The bird’s locomotion is primarily composed of flying, with the birds being strong fliers due to their broad wings and powerful physique. They also have acute vision, allowing them to navigate through their territories with ease.

The bird is known to soar in circles above its territories and use thermal currents to conserve energy while flying.


The bird is fastidious when it comes to self-maintenance, with its feather-cleaning and preening activities being a frequent behavior. It keeps its claws, beak, and feathers clean, which is important in hunting and keeping off parasites.



Agonistic behavior is a common behavior exhibited by the Augur Buzzard during its territorial displays. It involves charging towards the opponent, fluffing up its feathers, and producing a series of vocalizations such as screeching and scolding.
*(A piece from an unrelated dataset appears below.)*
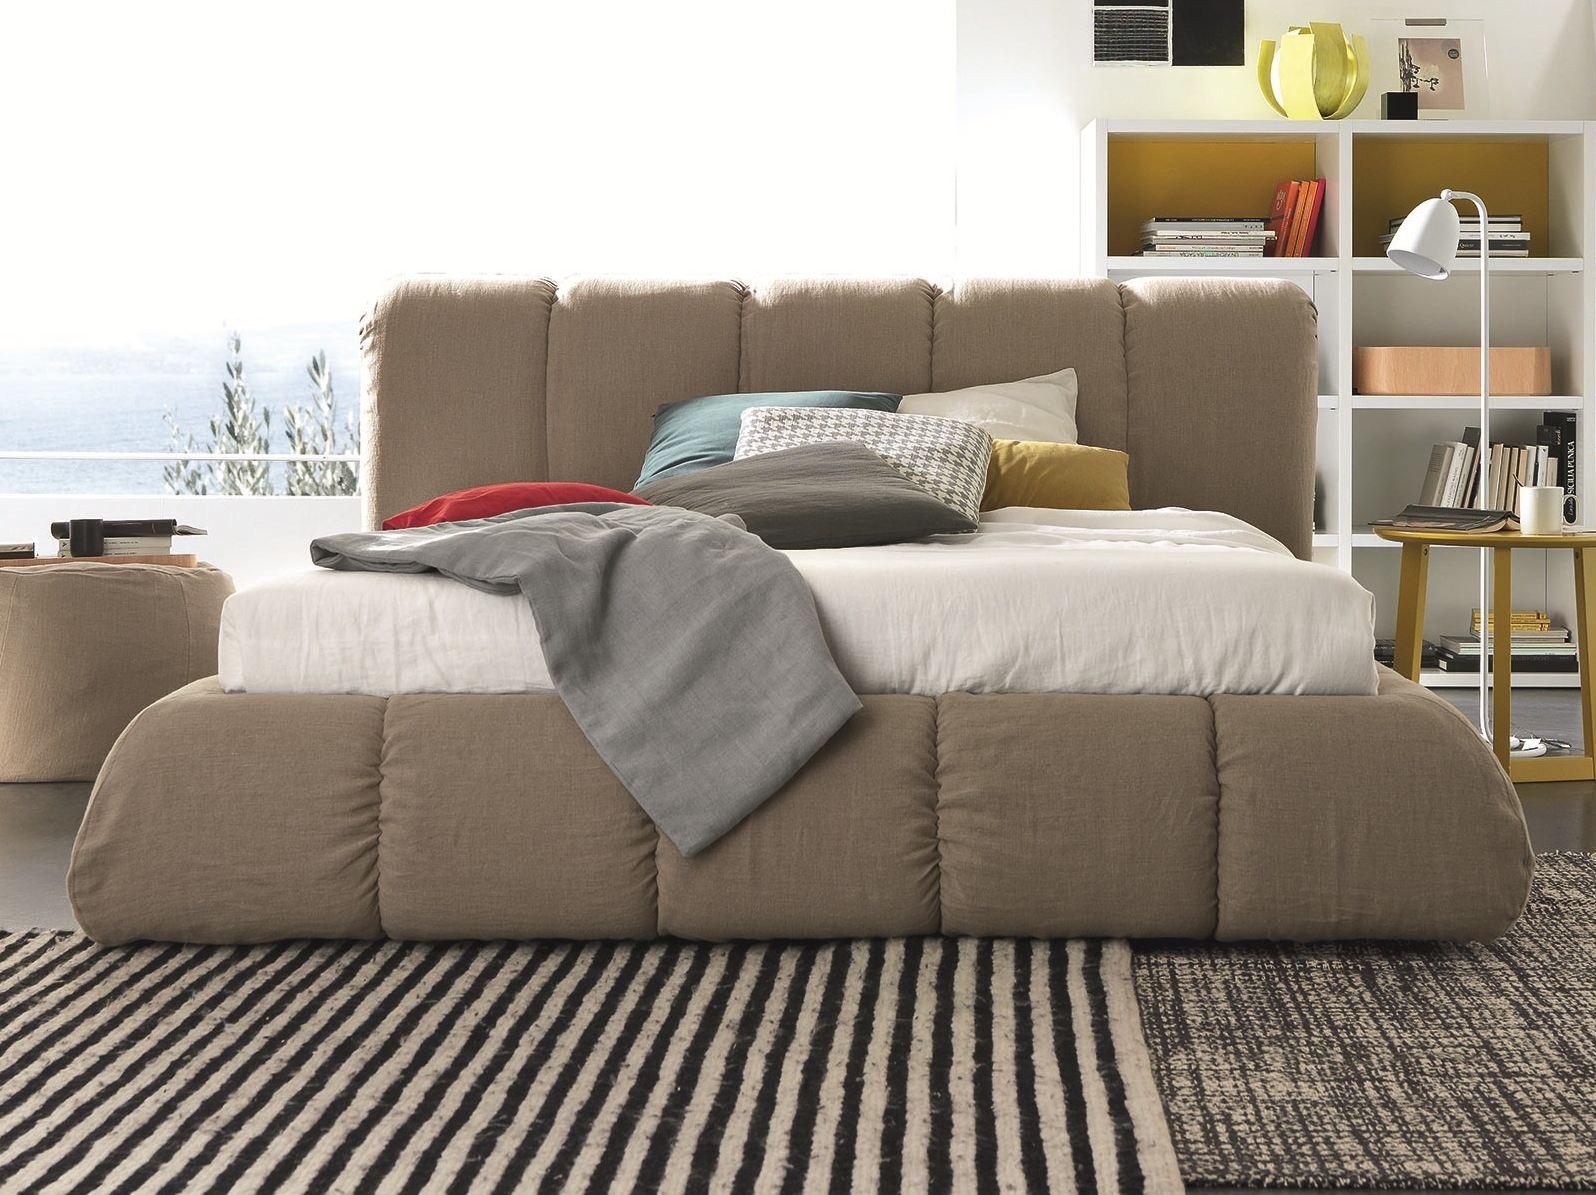 lit sharpei lit contemporain ultra moelleux. Black Bedroom Furniture Sets. Home Design Ideas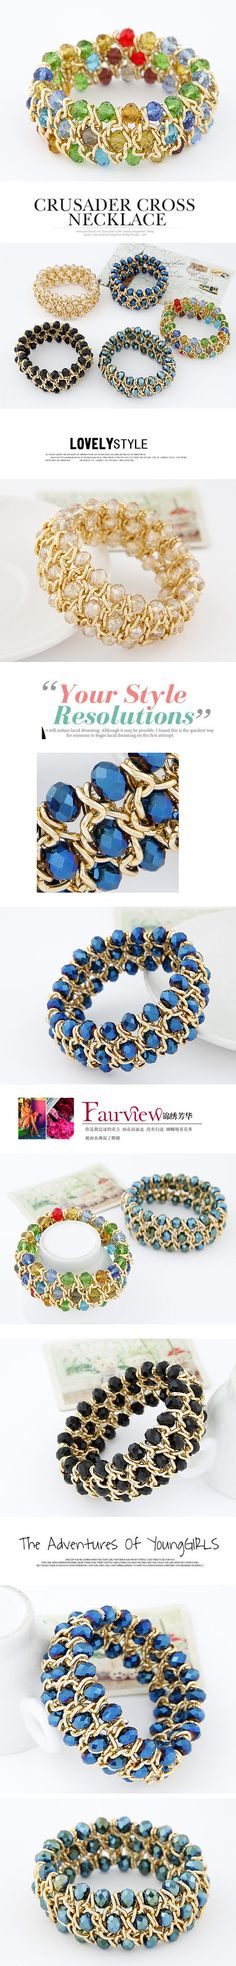 Wholesale Fácil partido cristal elegante tejida brazalete elástico (azul real) | Callesetas

This behavior is used primarily to protect territorial boundaries. Sexual


During the breeding season, the male Augur Buzzard will display several courtship behaviors to attract a mate.

These behaviors can include aerial displays, such as soaring with outspread wings or hovering. The bird will also produce a series of vocalizations, including screeching or whistling, to call out to the female.


The Augur Buzzard breeds between April and August, with some variation depending on region. The breeding system is monogamous, with the pairs nesting together, sometimes with their young from the previous year.

Males will establish mating territories before the breeding season starts; however, females will wander before choosing a mate and selecting their permanent nest site. During nesting time, the male Augur Buzzard will gather food for the female and their offspring.

Nesting materials are collected and arranged in a platform, with about four eggs being laid and incubated by the female for 35 days. Both parents will help feed the chicks until they are ready to leave the nest in about 6-7 weeks.

Demography and Populations

The Augur Buzzard is distributed throughout sub-Saharan Africa and is generally considered to be a species of Least Concern by the IUCN. However, population declines have been reported in some parts of the bird’s range, especially in areas where habitat loss and hunting are major threats.

Conservation efforts are being put in place to protect the bird’s critical habitats to ensure the bird’s long-term survival. In addition, measures are being taken to reduce conflicts between humans and the Augur Buzzard, for instance, through training farmers on how to protect their crops without harming these birds.

Further, more research is needed on population demography and dynamics of the species in various parts of its range to implement effective conservation measures. It is essential to monitor population demography to understand the success or lethality of these measures and whether they are sufficient to protect the species, particularly in areas where habitat loss and human conflicts are most prominent.